Louise Wilson: My job description is not to spot talent; my job description is 
Course Director. If I was a talent spotter, I would be called a ‘talent spotter’. I’m an educator: thus I’m looking for people that are interested in their subject, some of whom may become talented, but the premis of Central Saint Martins MA course is to educate people. Thus, whilst not being spotted as talented, with an education, you can still contribute to the design world. Saint Martins is tagged with this ‘star-talent-spotting’ label: but, when you’re here in the building, that’s not what we’re about – that’s other peoples’ projections.



200%: For what do you look when you review a portfolio?

Louise Wilson: I look for different skills: some people have cutting skills, some design or colour skills, some research skills, and some have it all.

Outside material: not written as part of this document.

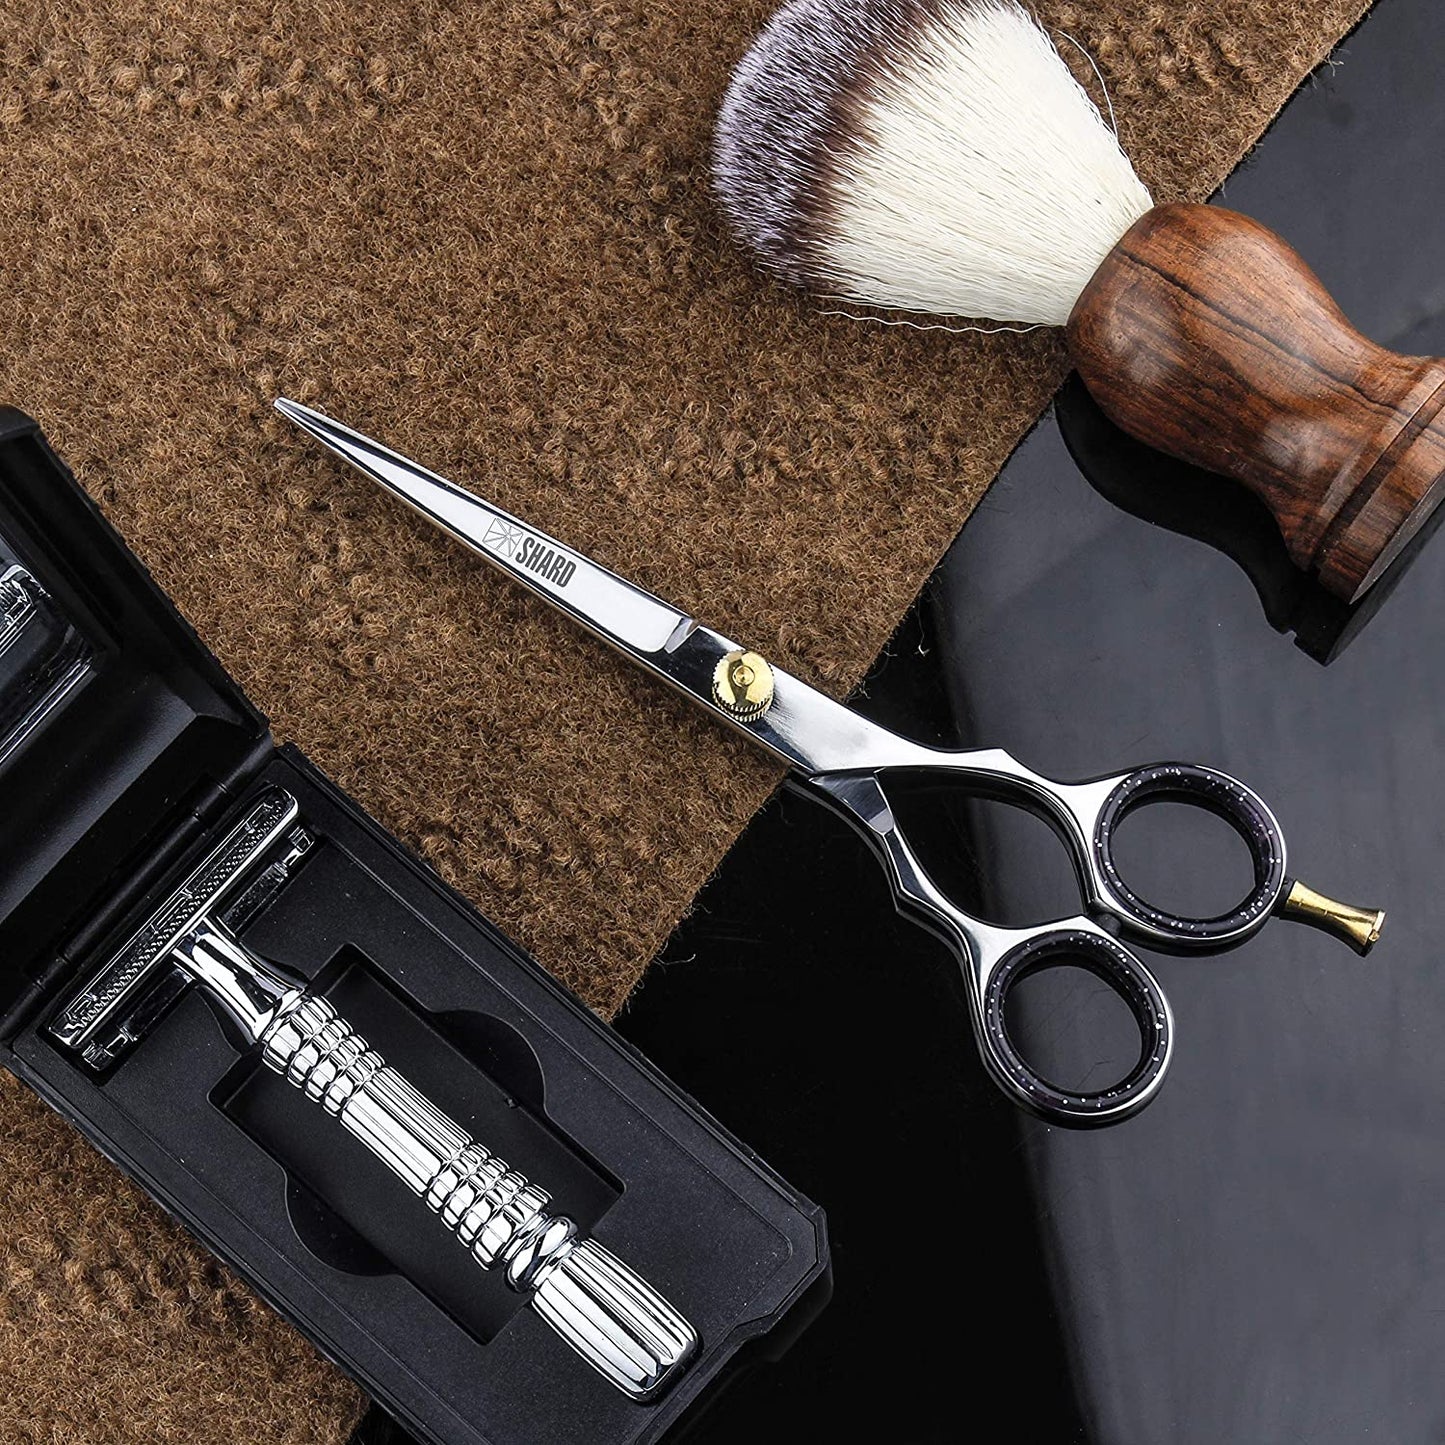 SHARD Hair Scissors- Professional Barber Hair Cutting Hairdressing Scissors| Shears for Mustache Beard Grooming Trimming

Whilst some people have only one or two skills, you take them in the hope you can drag the other skills out of them.

200%: Do you also teach your students the business side of the job?

Louise Wilson: No, because we’re too busy teaching them the creative aspect of the job, and we can not and should not be expected to do everything.

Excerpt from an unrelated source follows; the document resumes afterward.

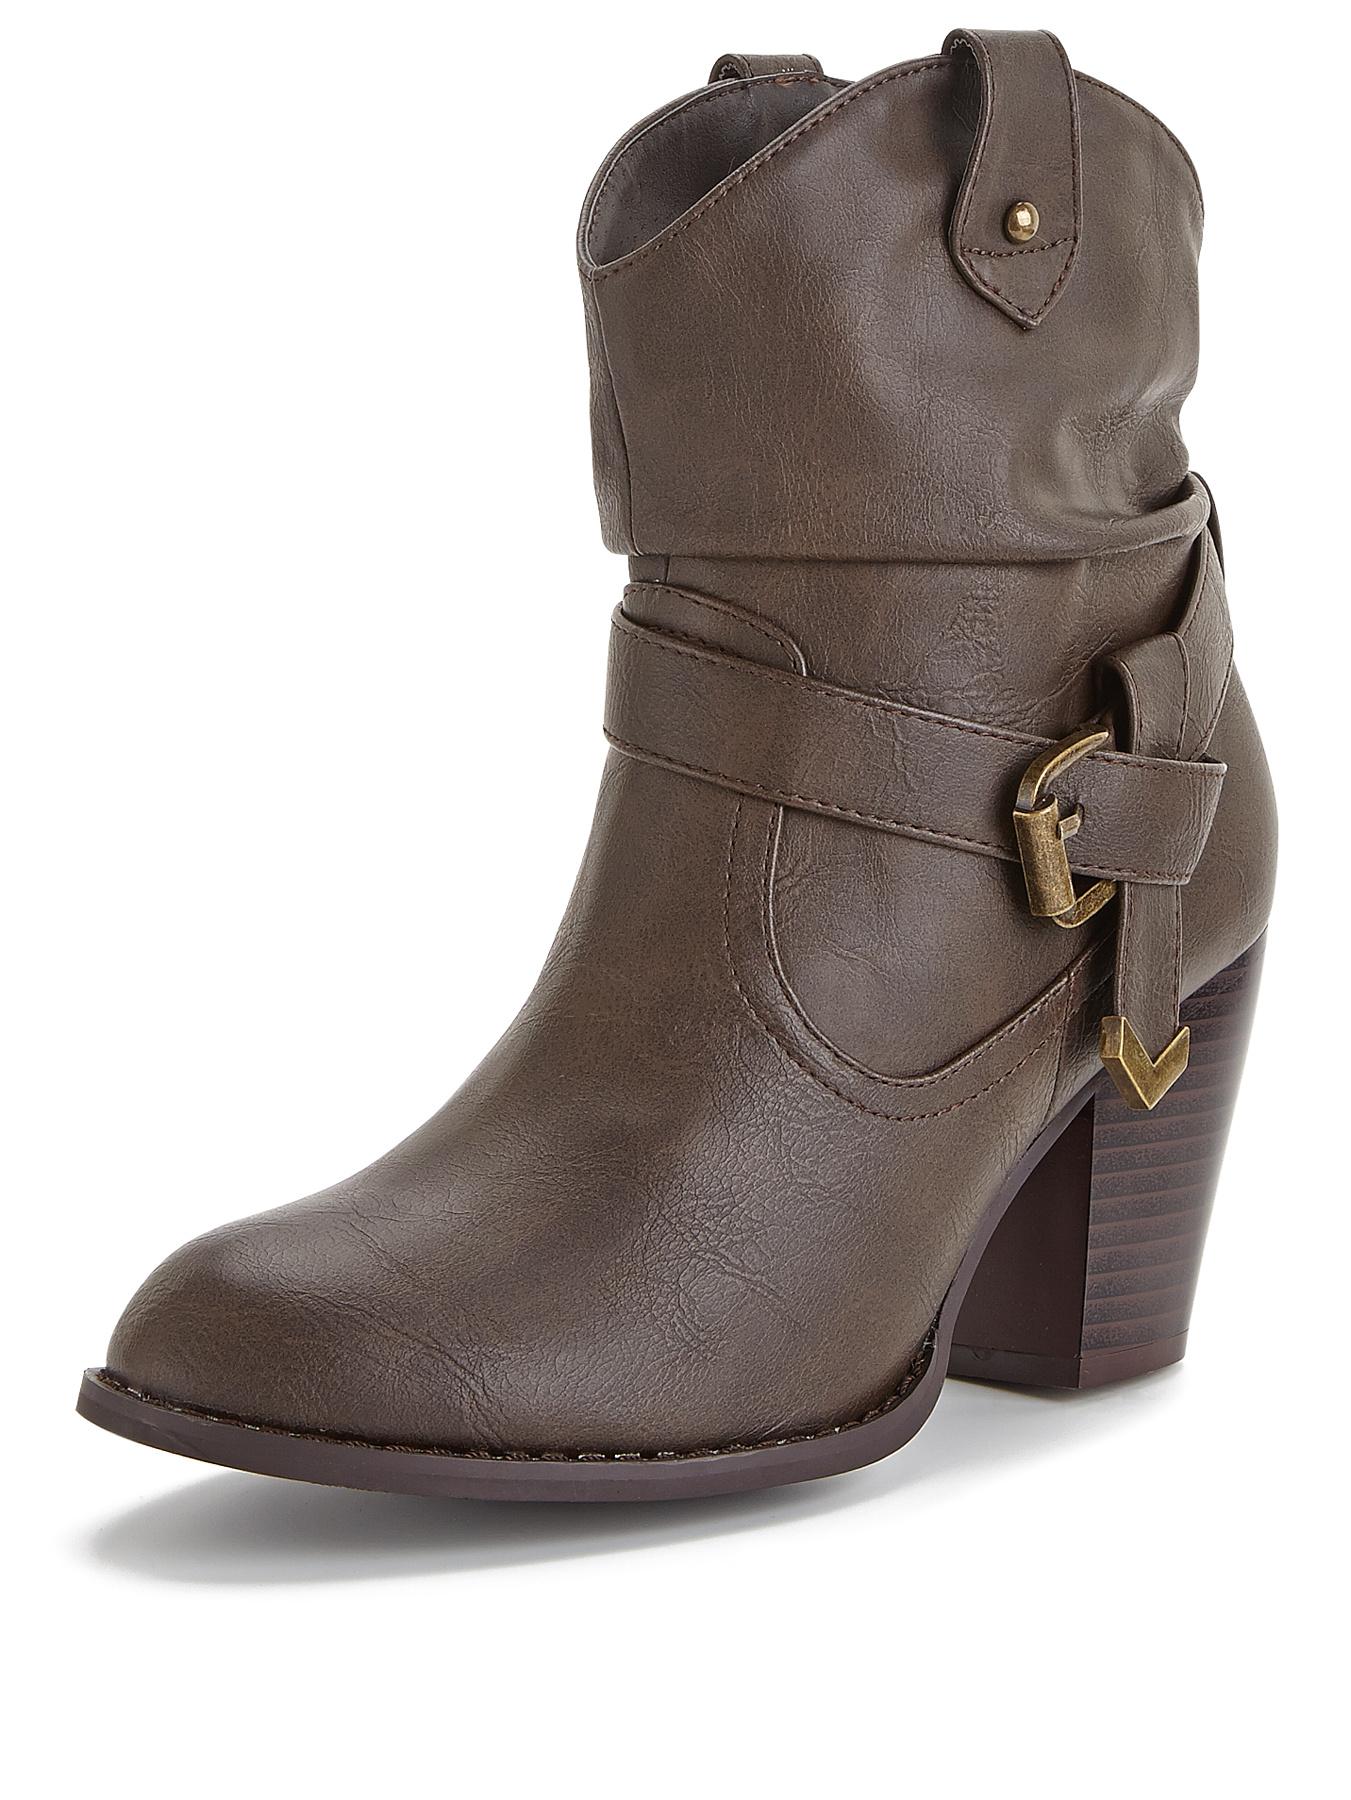 Womens Boots | Boots for Women - Littlewoods

200%: Somehow, though, you teach your students the business side of the job as they all go on to have quite successful businesses.
Louise Wilson: I don’t think we do anything in particular, as we don’t give any lectures specific to business as it’s in-built! In-built in the briefs; in-built when we speak to them; in-built into dialogues, and with people that they meet and whom we suggest they meet. Whilst this is how we “prepare” them for business, this is not our primary role. We’re an Art college, and I never say we “prepare” them for business. Many art colleges have tried to tackle business and it has not been a success.

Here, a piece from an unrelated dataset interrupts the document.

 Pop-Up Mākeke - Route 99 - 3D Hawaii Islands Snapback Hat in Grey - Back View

200%: It appears that some fashion journalists make your name synonymous with the words of ‘fearsome’, ‘opinionated’, or ‘abrasive’ when they refer to your teaching style. Does it bother you how you’re portrayed in the press?

Louise Wilson: Yes, it can be quite irritating and stupid. It bothers me in the respect that, if a 
multinational company was considering employing me as a consultant they may be put off, which is complete bullshit as I have previously worked as a consultant for Donna [Karan] and others. The rest of the time I don’t really give it much thought. Luckily I have another life, so I couldn’t care less. I also realize that a lot of people don’t even read most of the interviews, but it’s guaranteed that when it’s truly nasty it’s in the most well-read publications.

200%: Is there any benefit for you to give interviews?
Louise Wilson: The interviews don’t bring anything compared with, for instance, that it does for a film actor. If you’re an actor like 
Brad Pitt, you’re selling a 
film and when you do those press interviews you’re getting paid technically. That’s been negotiated, it’s in your contract. If I give time to do press interviews I’m taking time out from teaching that I have to make up at another time. I’m not getting paid and there is no benefit. Whereas every other sector when you read interviews there is a knock-on effect, there’s a product to buy or they benefit somehow in kind, like the actor promoting a film. With education there is 
nothing to buy. What happens in education is you give more and more
 of yourself and then you realize you get less and less back. My mother is upset by some of the articles. There is little or no benefit and I have thought 
like that for years.

Central Saint Martins has a good reputation; the MA has a good reputation. It’s a reputation defined by it’s work, its moniker, not by me or how many interviews I do as the work stands for itself. This is why I’m sort of 
ambivalent about interviews on me because it [Central Saint
 Martins] will continue long after I’ve
 gone, as the college is bigger
 than any one person.

200%: Thus, does it concern you that the public’s perception of the MA Fashion course is that it is ‘Louise Wilson’?
Louise Wilson: Yes a concern is that you have a group of
 students that think they’re coming to be taught by me, which is wrong 
as they’re coming to be taught by a great course team. It shouldn’t matter whether I’m there or not. They’re coming here to do 
their own work. It’s only when they do their own work that I can even give them a critique.

I was just recently talking with a student who was asking for an 
address for something and I knew he was looking at me as if to say “why don’t you
 have it in a rolodex”, which is stupid as the rolodex would have to be as 
big as this desk. If you’re just handing over numbers 
and information that would be useless. A student has to start at the 
beginning. It’s the whole process of them making a phone call, them sending an e-mail, try this and that. It’s not just giving them a contact 
because they miss the whole journey of what they might find on the way.
 I like being with young people and seeing them get better. That’s very rewarding.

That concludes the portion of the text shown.